Information provided:

--- START ---

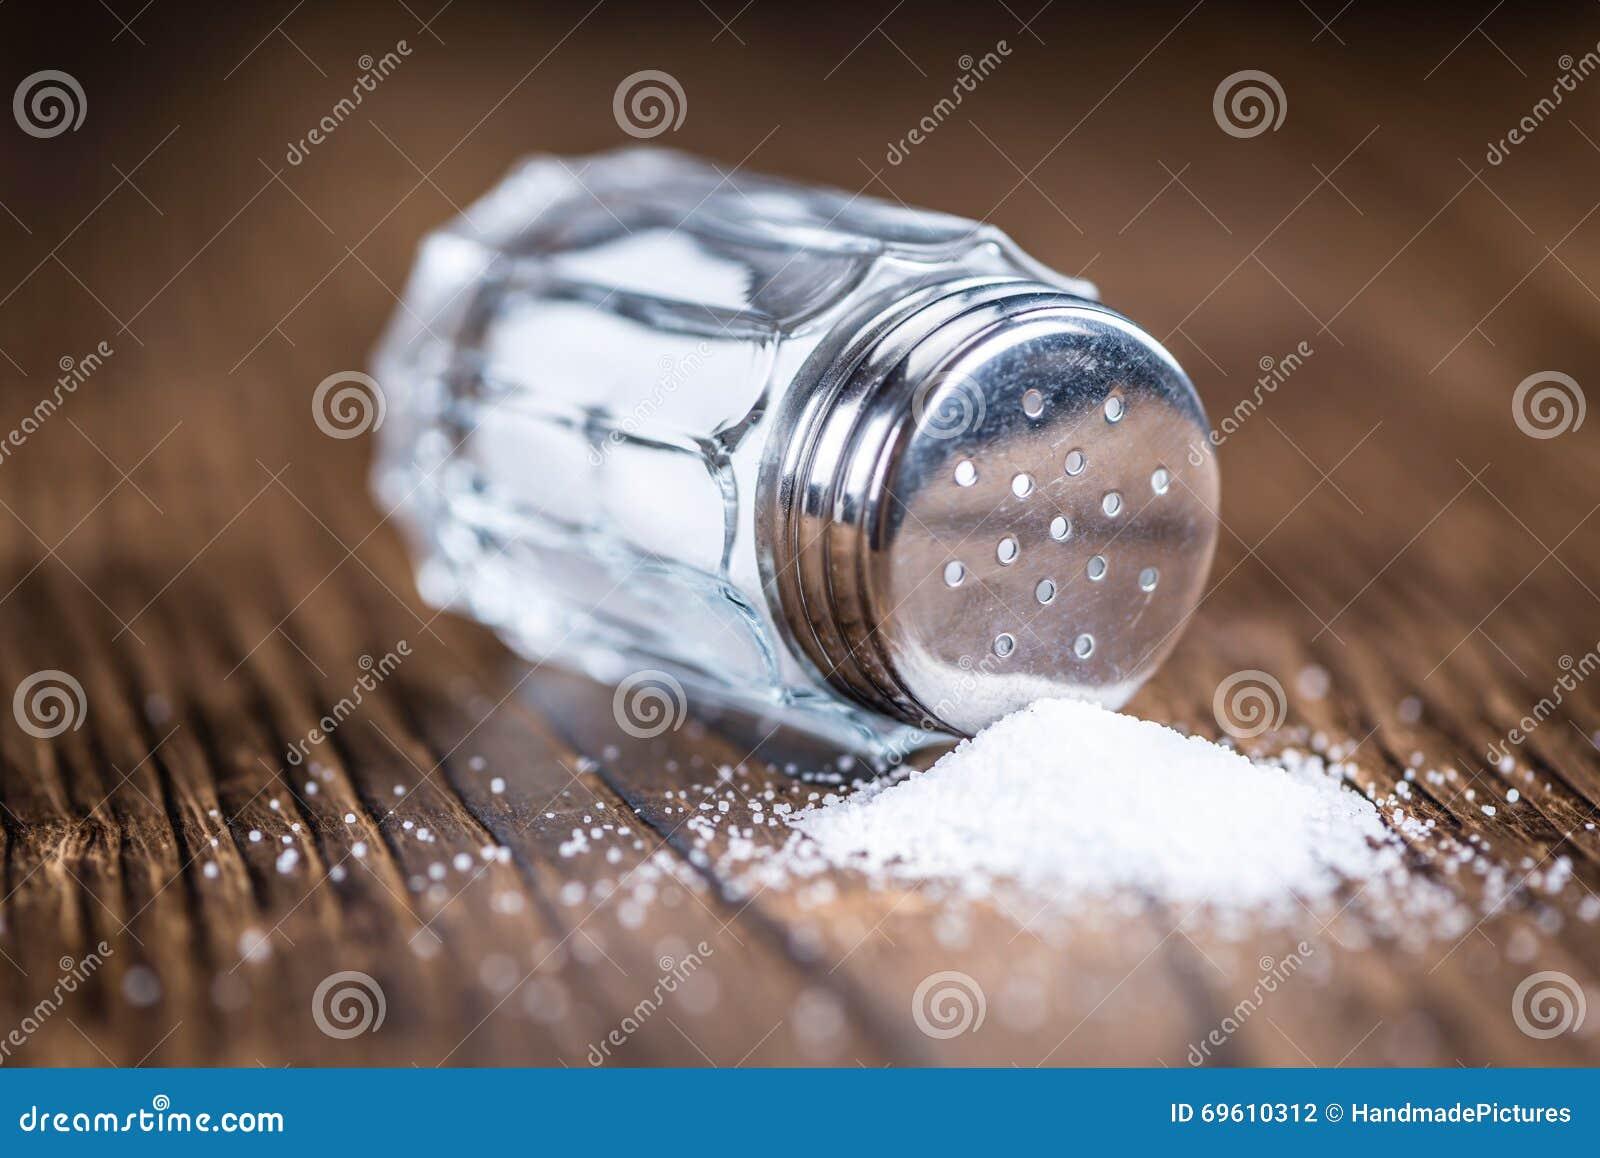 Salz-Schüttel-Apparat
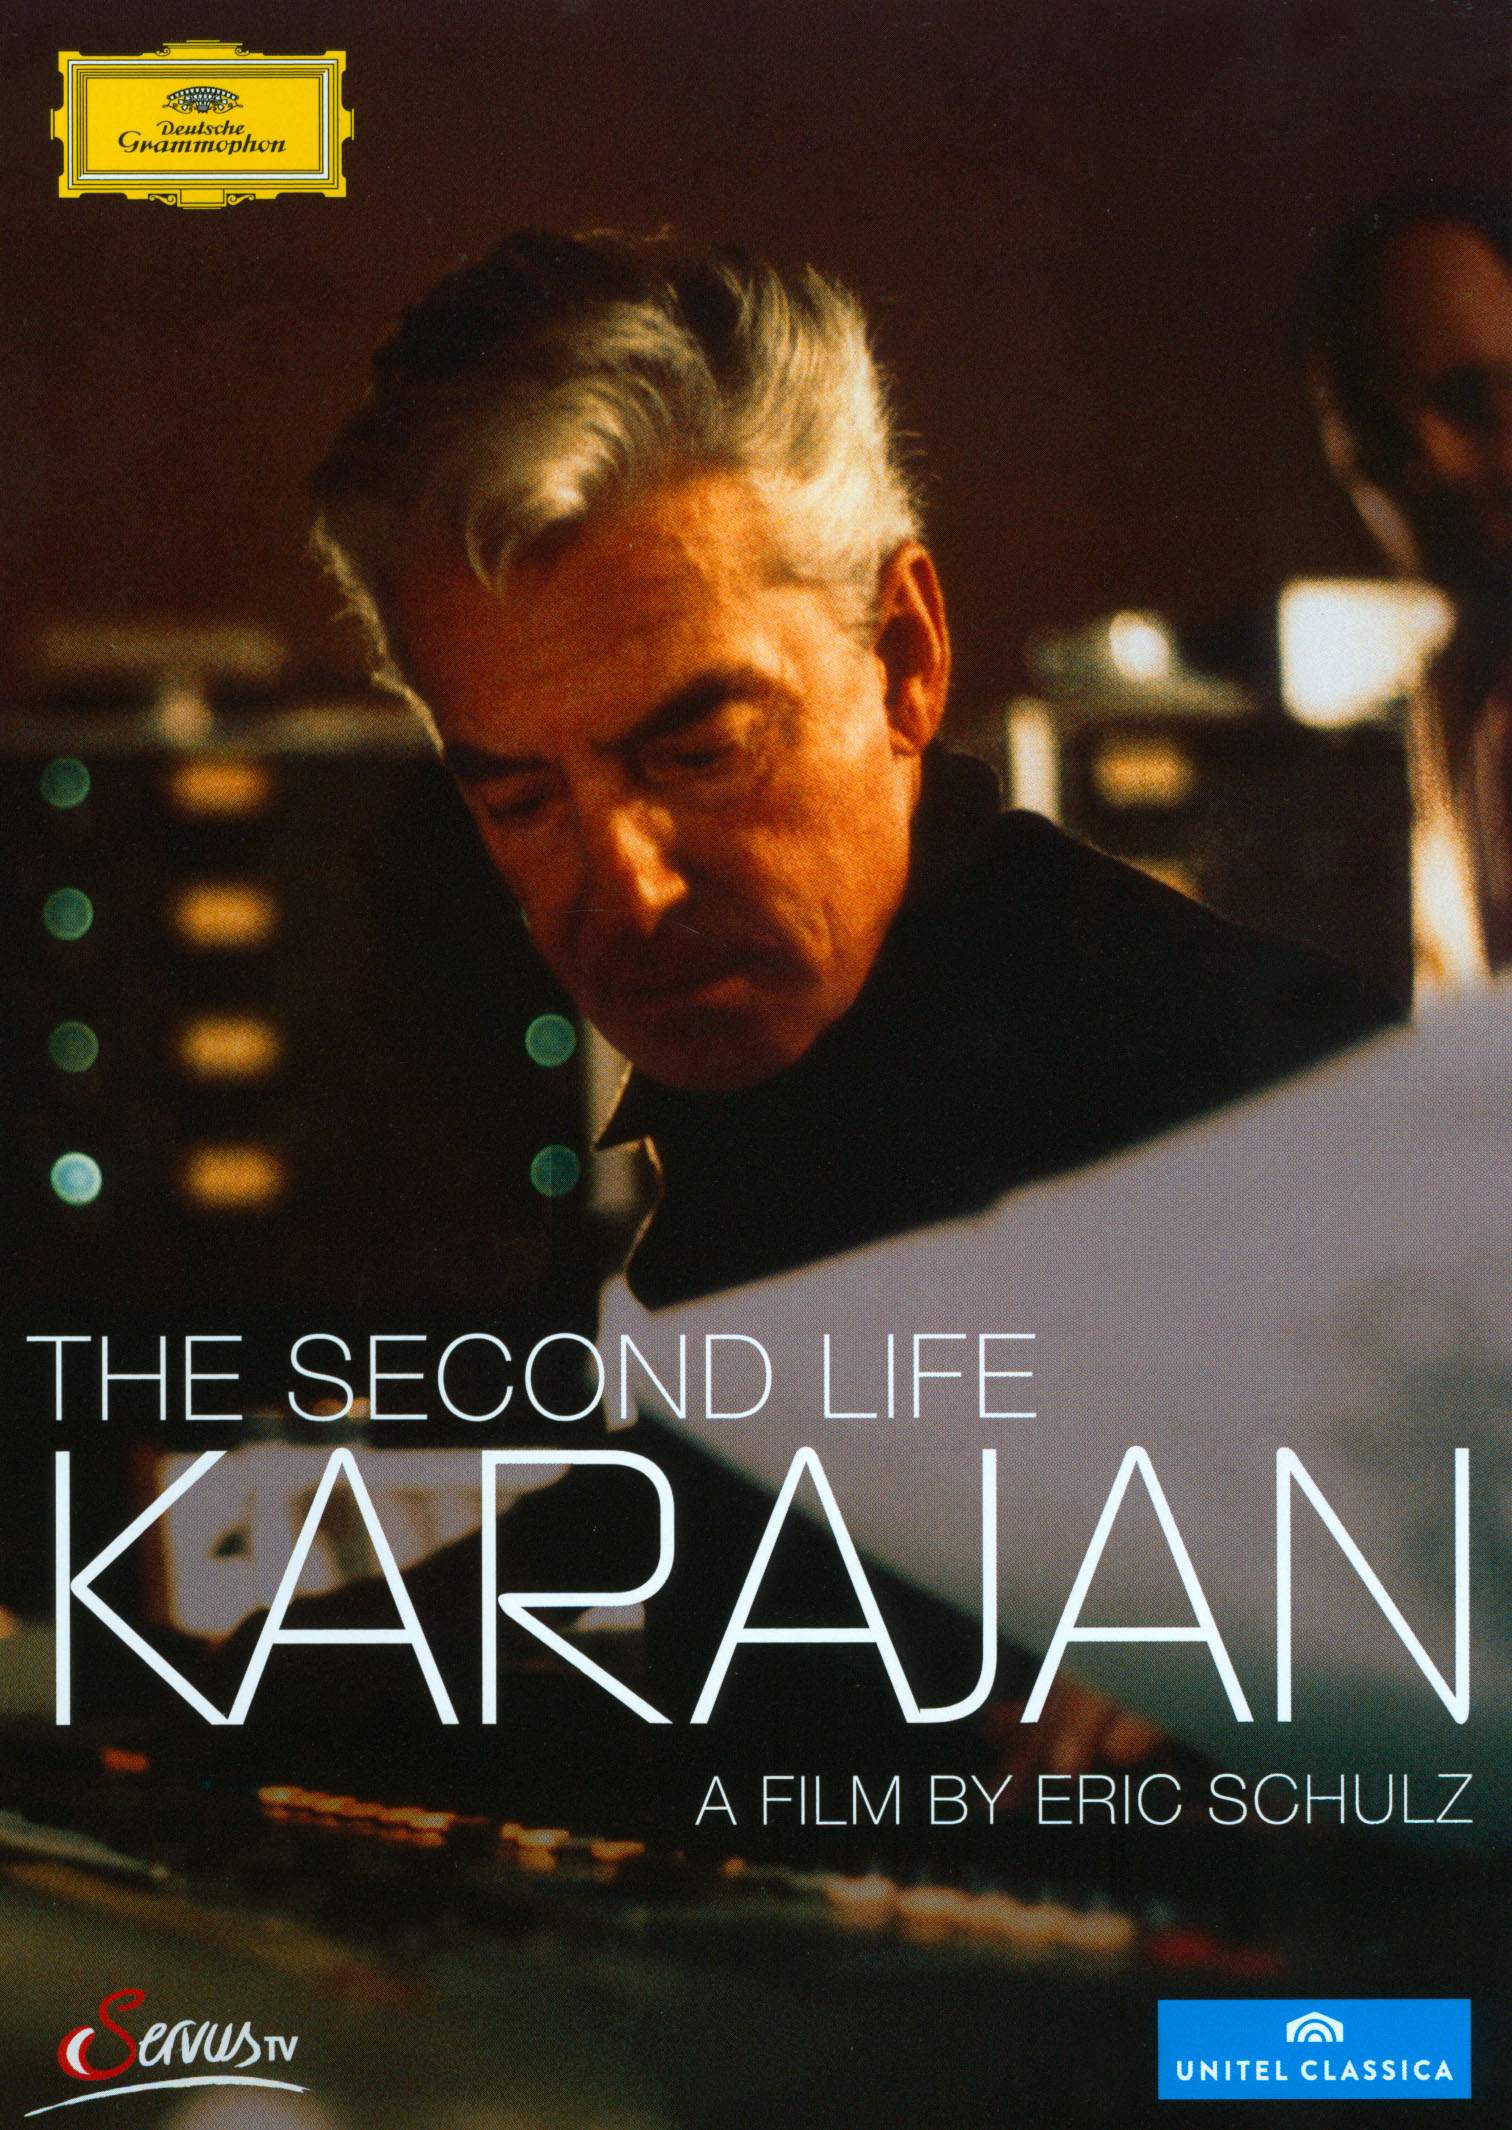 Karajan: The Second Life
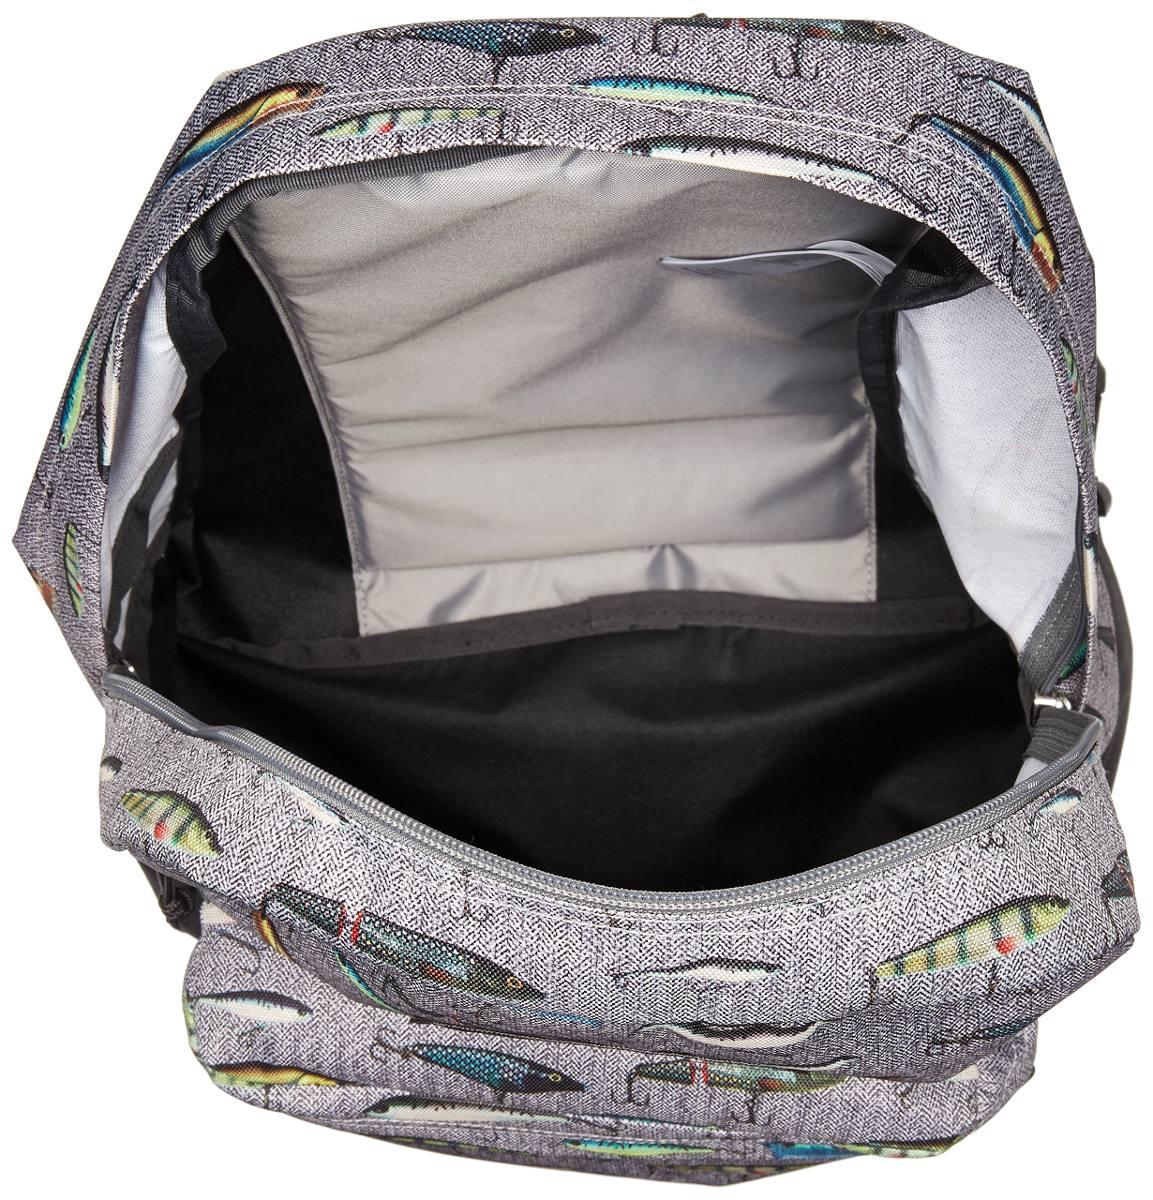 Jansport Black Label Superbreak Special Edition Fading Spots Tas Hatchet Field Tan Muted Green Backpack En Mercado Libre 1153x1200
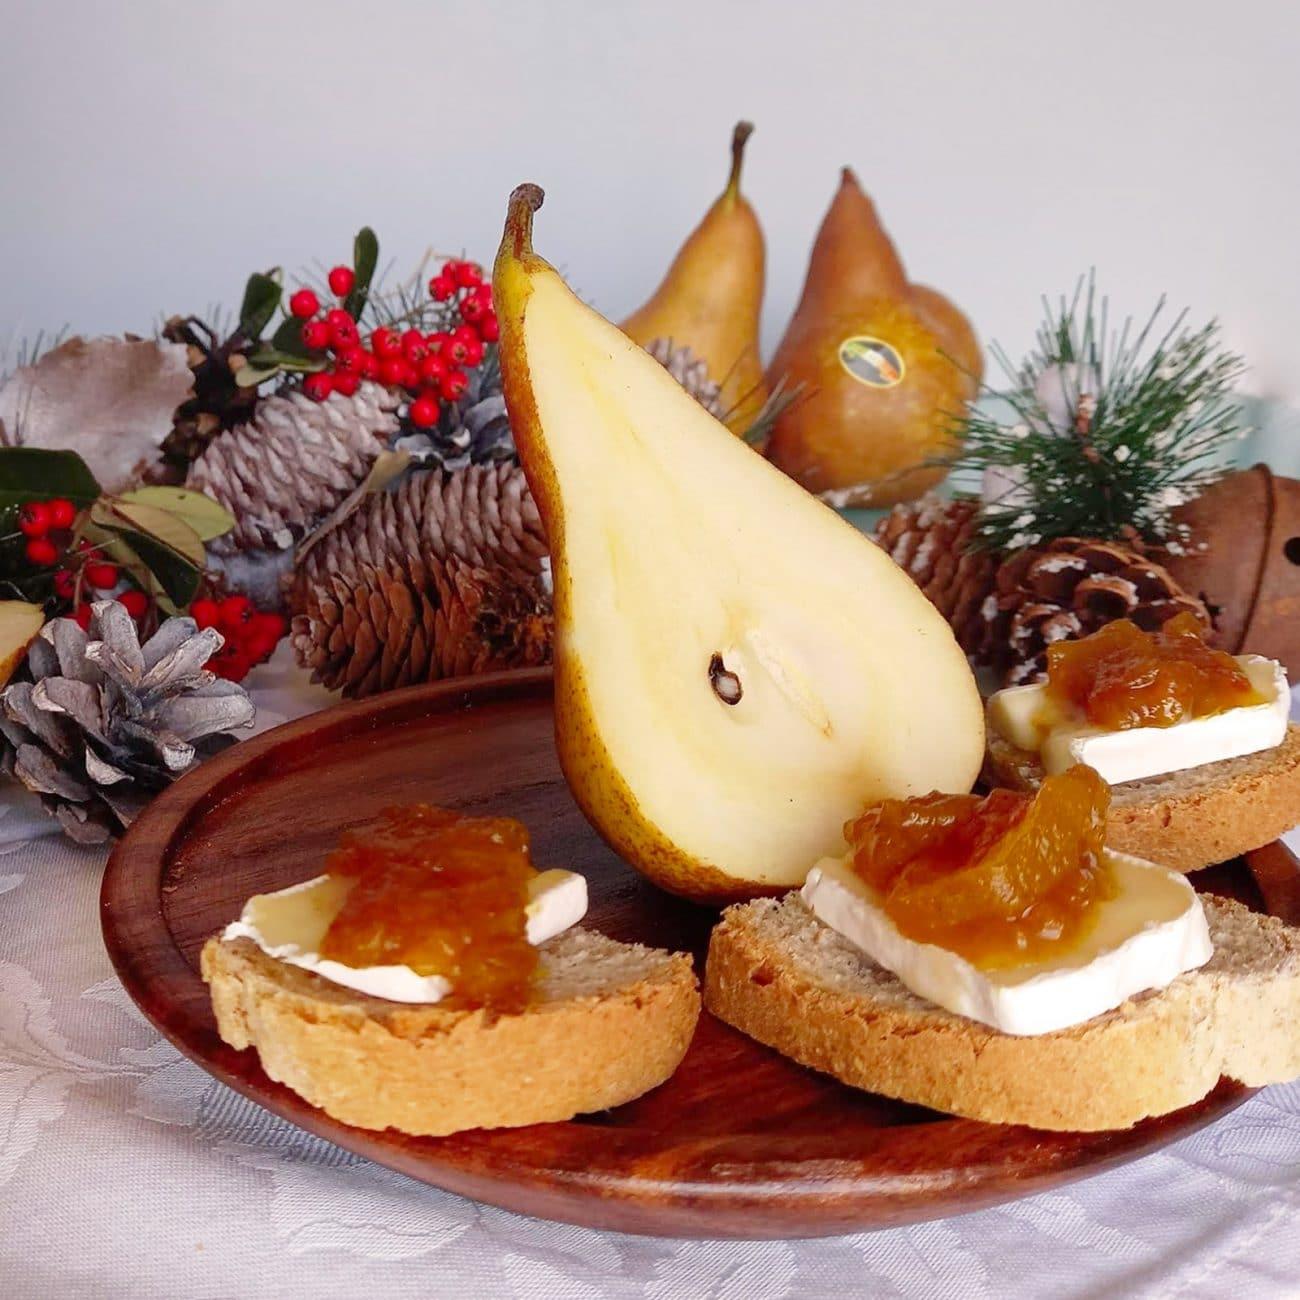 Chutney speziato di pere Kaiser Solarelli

--- END ---

The line containing "Jansport Black Label" and every line after it, through the end of the material above, are to be printed exactly; no pictures belong in the output.

 Jansport Black Label Superbreak Special Edition Fading Spots Tas Hatchet Field Tan Muted Green Backpack En Mercado Libre 1153x1200
 Chutney speziato di pere Kaiser Solarelli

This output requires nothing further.